Denis P. Laroque, West Warwick's fire marshal, said in an interview with investigators five days after the February 2003 fire that he had concentrated his inspection the prior November on the club's failure to fix a previously cited problem with an exit door, improperly mounted fire extinguishers, and an open gasoline can in the basement.
"Did you notice during your inspection if there was any foam around the stage area?" Laroque was asked by one of the two investigators.
"No, I did not," he responded.
The transcript of his interview was among approximately 3,000 pages of documents from the state's criminal investigation into the fire, the deadliest in Rhode Island's history, released yesterday by the office of Rhode Island Attorney General Patrick C. Lynch.
The documents, most of which were taken during searches by Rhode Island State Police from West Warwick Town Hall and the home office in Narragansett of Michael A. Derderian, co-owner of the nightclub, are a fraction of what will ultimately be released, now that the criminal investigation has been completed, according to Lynch's spokesman, Michael Healey.

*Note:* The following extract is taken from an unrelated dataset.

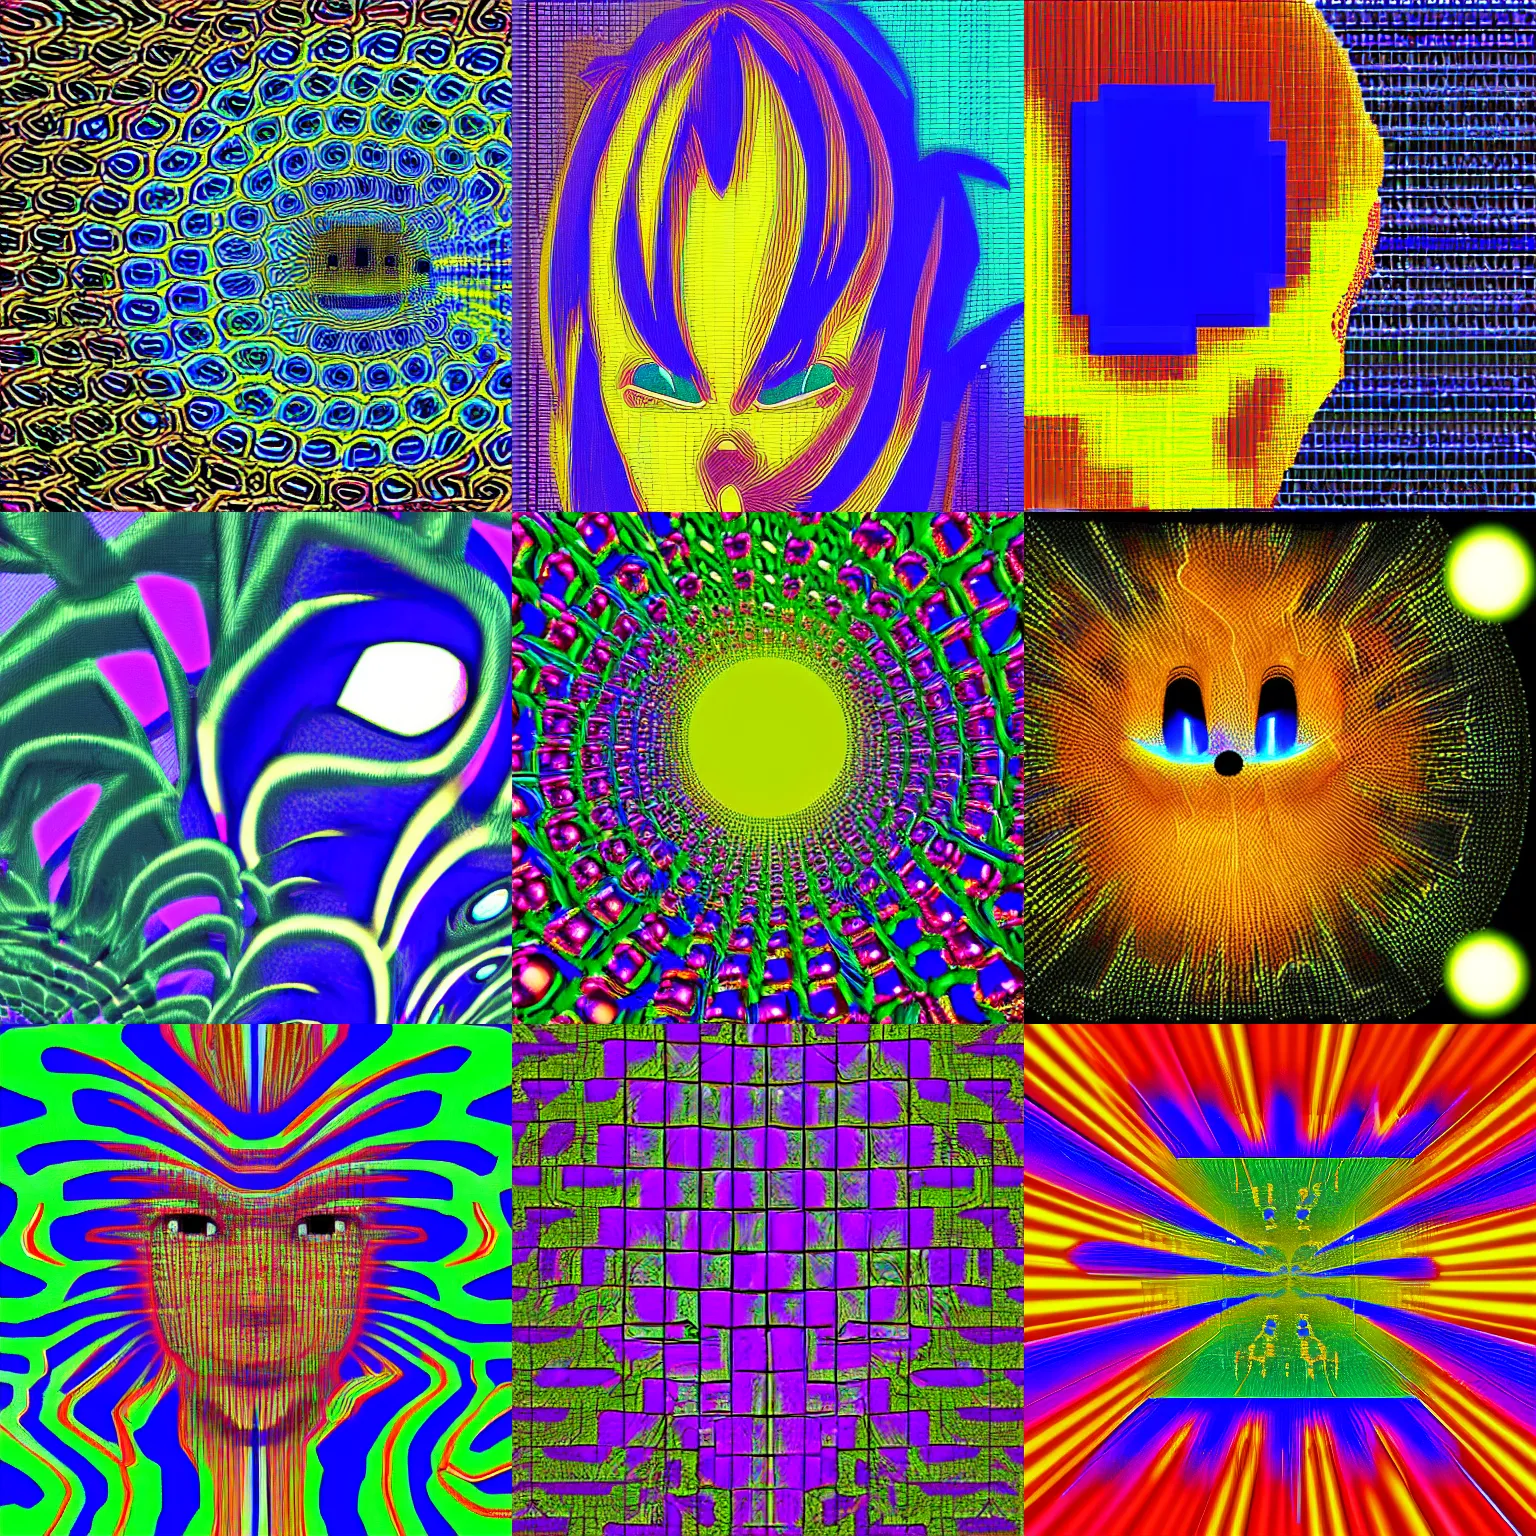 cat farting rainbows, pixel art, seamless mosaic, Gary, Stable Diffusion

Derderian, his brother and co-owner Jeffrey A. Derderian, and Daniel M. Biechele, the band manager who set off the fireworks that started the blaze, pleaded guilty to multiple charges of involuntary manslaughter. Biechele and Michael Derderian were sentenced separately to four years in prison, and Jeffrey Derderian was sentenced to 500 hours of community service.
However, no charges were brought against Laroque or other town officials who had inspected the building. Many families of fire victims bitterly complained that the town had been derelict in allowing the club to operate for more than two years with the flammable foam on its walls.

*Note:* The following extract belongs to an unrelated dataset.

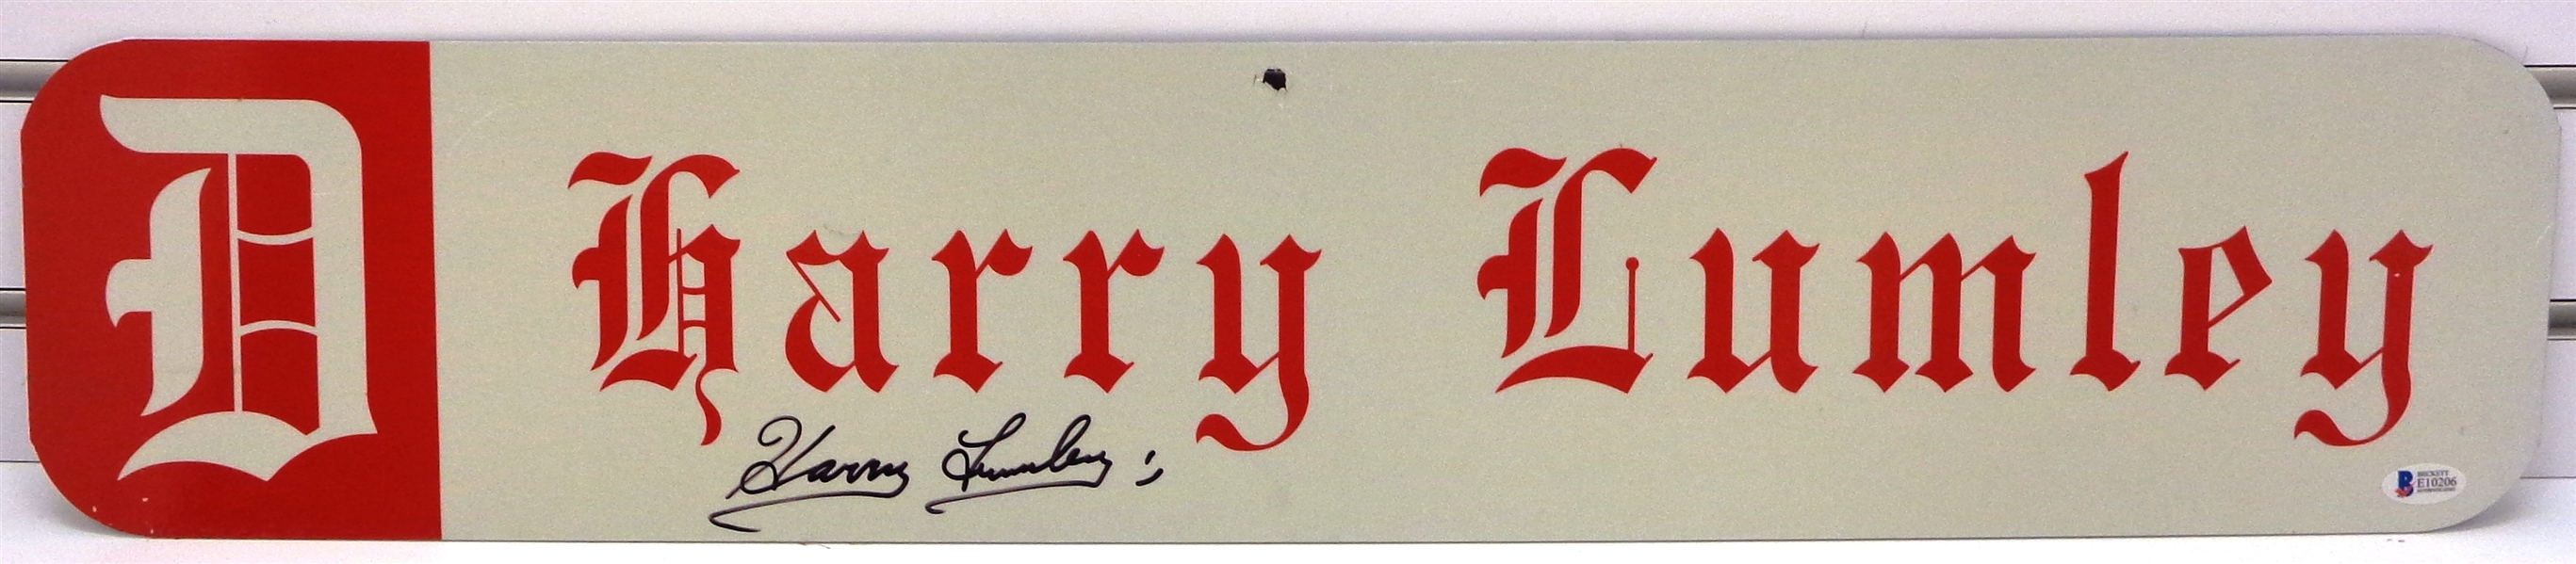 Harry Lumley Autographed 6x30 Custom Street Sign

The Derderians had installed the foam in August 2000 in hopes of placating neighbors' complaints about loud music. However, once it was ignited by the fireworks, the foam material fueled the fire, allowing it to spread quickly and engulf the nightclub in flames and thick black smoke within three minutes.
Healey said yesterday that the evidence accumulated against the local officials was not enough to warrant prosecution under Rhode Island law, which extends immunity unless the officials are shown to have acted "with malice" or "in bad faith."
"I'm not defending the statute, just pointing out the legal hurdle we had to overcome," Healey said. Laroque did not return phone calls to his office and home.
Release of the documents was prompted by requests made by the Globe, the Associated Press, and the Providence Journal.
Among the items taken from Michael Derderian's home and cited in the documents were handwritten notes that showed the nightclub had planned on selling 700 tickets for the concert the night of the fire, which featured the band Great White. The nightclub's legal capacity was 404, according to town records.
Also released was the one-page inspection report that Laroque made after inspecting the wood-framed club in November 2002. Laroque cited the nightclub for nine safety violations, including exit signs not properly lighted, broken ceiling panels near one exit door, fire extinguishers not properly mounted or situated, and overdue inspection of the fire protection system by a private firm.
However, in recounting that inspection, Laroque told investigators that he was most bothered by the Derderians' failure to fix one of the two doors at the rear of the stage that needed to be opened to exit the club.
The inside door opened inward, which was a violation of the state's fire code that Laroque had cited in his 2001 inspection. To resolve the situation, the Derderians had removed the inside door, but at some point the door, which was also covered with the flammable soundproofing, had been reinstalled.
"I really got upset that someone would reinstall something that we had already cited them for," Laroque told investigators on Feb. 25, 2003. "My next stop was . . . to speak with the bartender about who reinstalled the door." Although he wasn't questioned about his return visit, Laroque's report shows that all nine of the problems, including the problem of the inward-swinging door, were remedied.
However, on the night of the fire, according to an affidavit by State Police Detective Sergeant Keith C. Azverde, the door, lacking any knob to open it, had been remounted on its hinges to deaden the sound of the rock band.
Whether the problem with the door prevented patrons from escaping the fire is unknown.
Stephen Kurkjian can be reached at kurkjian@globe.com.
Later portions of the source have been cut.